Grafana dashboards are not version-controlled in this repo (managed in the workspace). After metrics flow:

  • Create a time-series panel: onboarding_completed_steps{env="$env", account_id=~"$account_id"}, legend {{account_id}}, with an account_id multi-select template variable so the chart can be filtered to a selection of accounts. Optionally overlay onboarding_total_steps or compute percent-complete.
  • Optionally add a Grafana link from the onboarding admin view, mirroring the existing buildIndexGrafanaUrl/buildGrafanaDashboardUrl helpers in admin_worker.

Testing

  • Consumer: new-type parsing/dispatch in lambda_function; gauge series construction; gauge last-value-wins dedup (two same-account_id events in one batch → latest value, not the sum); unknown-type still skipped; partial batch failure accounting includes onboarding messages.
  • Producer (admin_lambda): count = len(completed_steps); label values (account_id = system_account_id, env = FULL_ENV); scope filter includes/excludes the right records; one account's failure doesn't abort the batch; send_message_batch chunking at 10; summary shape.
  • Infra: snapshot/assertion that the 1-min rule exists, is is_prodish-gated, targets the right action, and that the role has sqs:SendMessage on the queue.

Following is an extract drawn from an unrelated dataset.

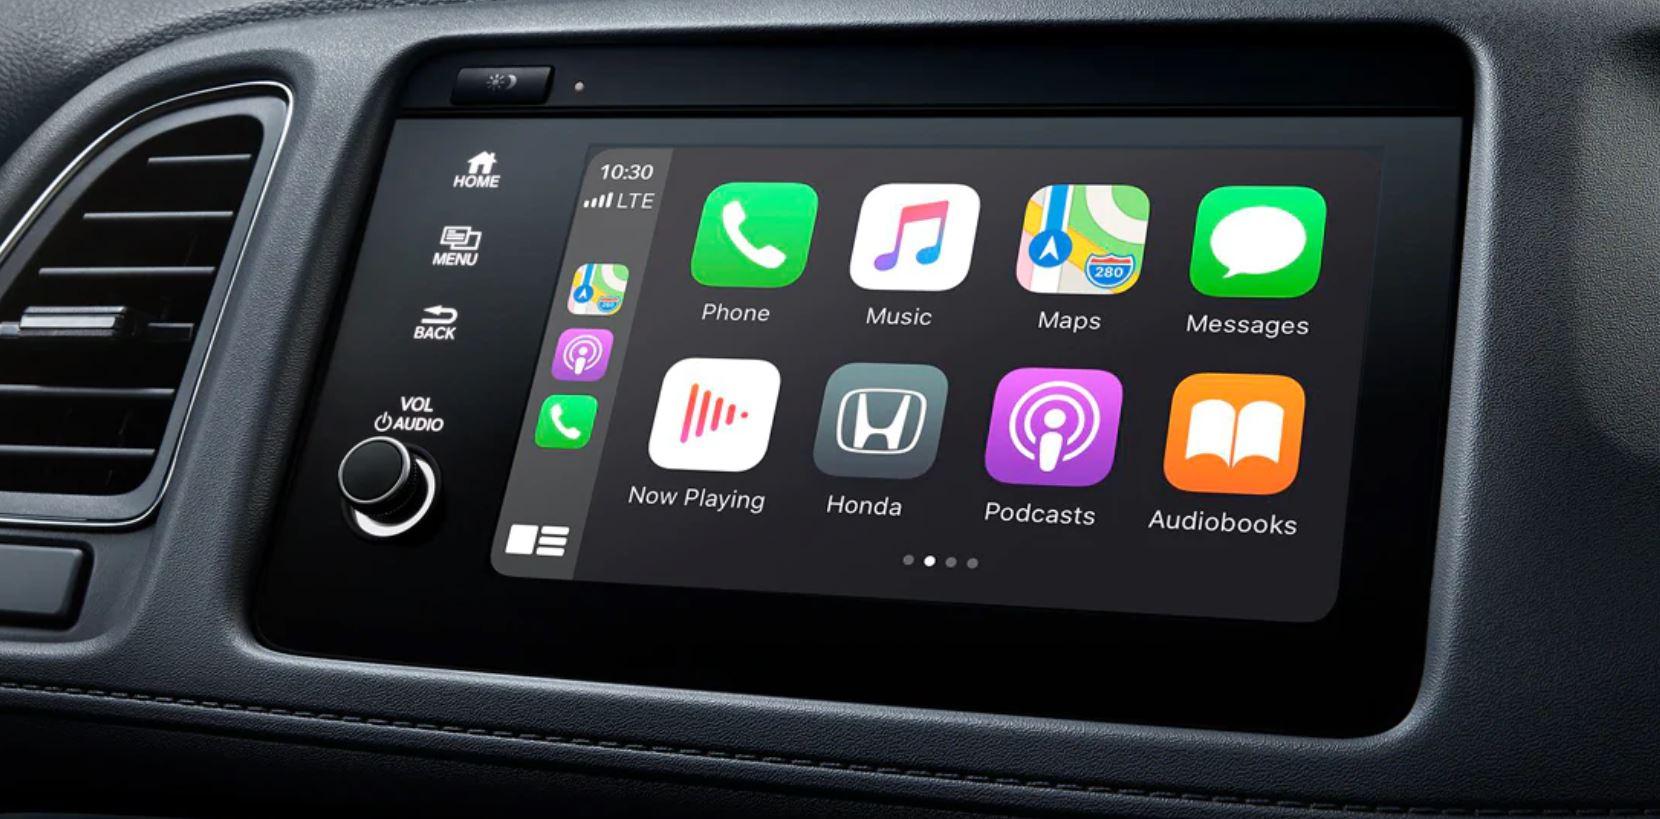 Touchscreen in the 2020 Honda HR-V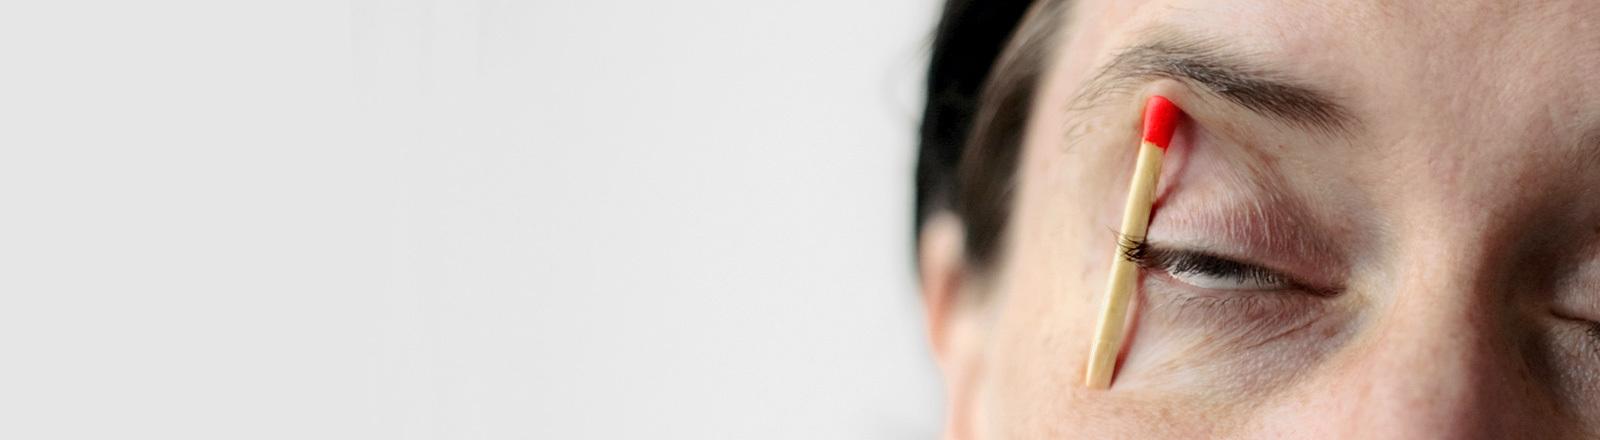 Eine Frau hat sich ein Streichholz unter die rechte Augenbraue geklemmt.

Open questions / confirm during implementation

  1. Confirm FULL_ENV in the admin account resolves to the same env string that ecom_indexer emits (config.full_env) so the dashboards' env filter matches. If they differ, normalise at the producer.
  2. Confirm the scope filter against real data (how many expired pending leads exist) to validate the cardinality assumption.
  3. Decide whether onboarding_total_steps is worth emitting now or deferred.

Suggested implementation breakdown (child beads)

  1. ecom_metrics_consumer: add onboarding_progress gauge event + gauge dedup + tests.
  2. admin_lambda: onboarding metrics producer service + SQS helper + action handler + tests.
  3. infra/admin: sqs:SendMessage grant, ECOM_METRICS_QUEUE_URL env, 1-min EventBridge rule.
  4. Grafana dashboard + optional admin_worker link + doc update.